July 15, 2022 – Welcome to summer camp, but not as you know it.
A series of summer camps have been launched in Ukraine by World Vision through local partners to give children a much-needed reprieve from the daily realities of war.
The international aid organisation in partnership with local partners has launched over 34 camps around the conflict-torn country, including sites in the Kyiv, Lviv, Chernivtsi and Zakarpattia regions.
The summer camps are open to children aged 5-17 and run for a week to two weeks, offering age-appropriate activities including sports, craft and in future, robotics workshops.
And while having fun is the number one goal, the camps serve a deeper purpose.
Summer camp staff trained in psychological first aid monitor children for signs of distress and make referrals, while activities have been tailor-made for vulnerable children exposed to conflict.
World Vision’s Ukraine Country Director for the Ukraine Crisis Response, Catherine Green, said the camps were being run in partnership with local organisations and had proven overwhelmingly popular.
“If ever the children of Ukraine needed a week or two of fun, it’s now.
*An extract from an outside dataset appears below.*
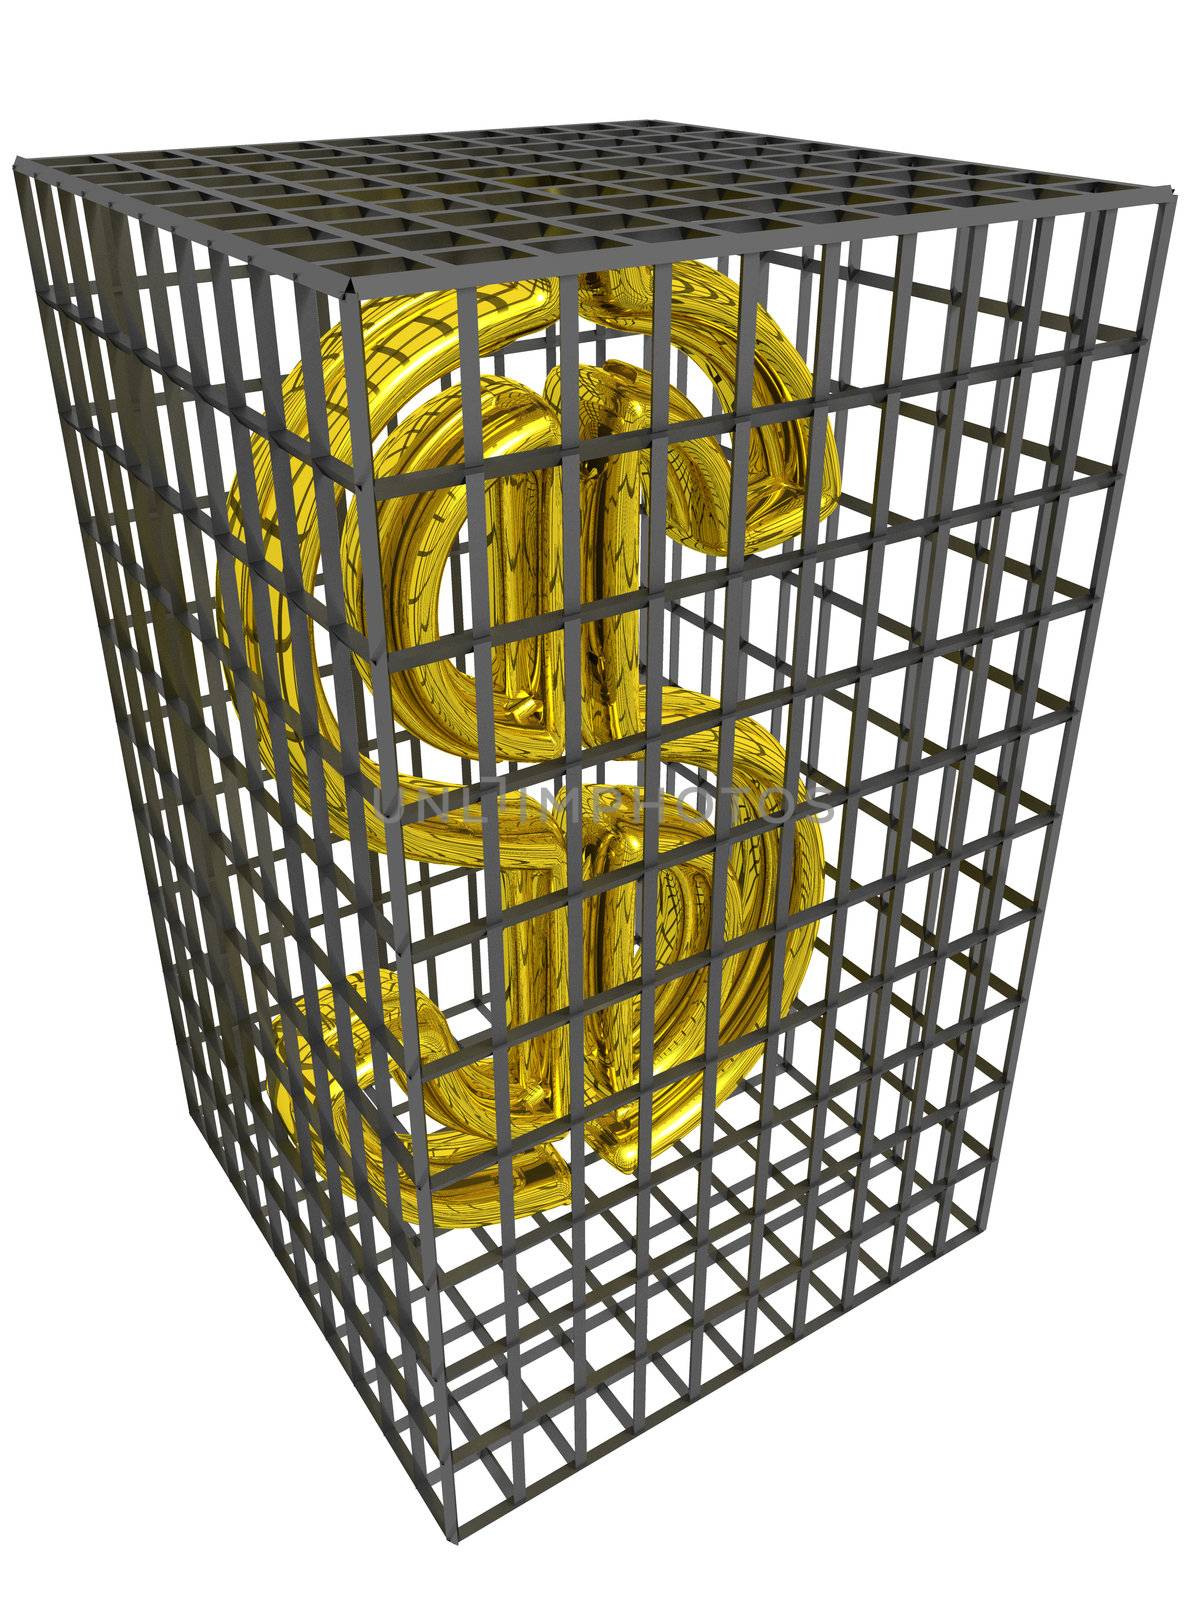 Gold dollar sign in a steel cage sumbolising anti-
globalist.

It’s difficult to comprehend the horrors of what they’ve been through over the past few months.
“At one of the camps, we had 140 children turn up on the first day, and it was heart-warming to hear the sound of laughing, singing and see the worries of the war start to lift from their young shoulders.
“The summer camps aim to give kids some time to just be kids and forget about what is going on around them. They will also give parents a break and an opportunity to go out and find work, for example, or just have some down time.”
World Vision plans to increase the number of camps in Ukraine and run similar camps and activities for refugee children in Romania and Moldova.
It was in the village of Repuzhyntsi, in the country’s west, where 140 children excitedly arrived on the first day of summer camp, run by one of World Vision’s partners, Youth Movement Be Free.
Angela, 17, is one of the teens helping run camp activities after fleeing the country’s hard hit east. Her home in the Luhansk region was burnt to the ground and she is now living with family friends.
She said it was important for the children to have the time to play and socialise with each other.
“We play different types of games like board games, jumping, and simply gather together every day to talk and laugh with other children,” she said.
Timothy, 14, who is a camp mentor, said the camps allows them to “spend time being real children’”.
“We are doing a lot of activities and can connect and communicate in person, those are the most important things,” he said.
Timothy also escaped the Luhansk region in a journey he described as “terrifying”.
“I knew when I left that I may never be able to go back to that region,” he said.
The camps are one example of how World Vision is responding to the mental health needs of children, after a recent report by the aid organisation found 1.5 million Ukrainian children are in danger of developing mental health issues including anxiety, depression and social impairment due to the war.
The No Peace of Mind report has sounded the alarm on a looming crisis as Ukrainian parents reveal the mental health of their children is their biggest worry.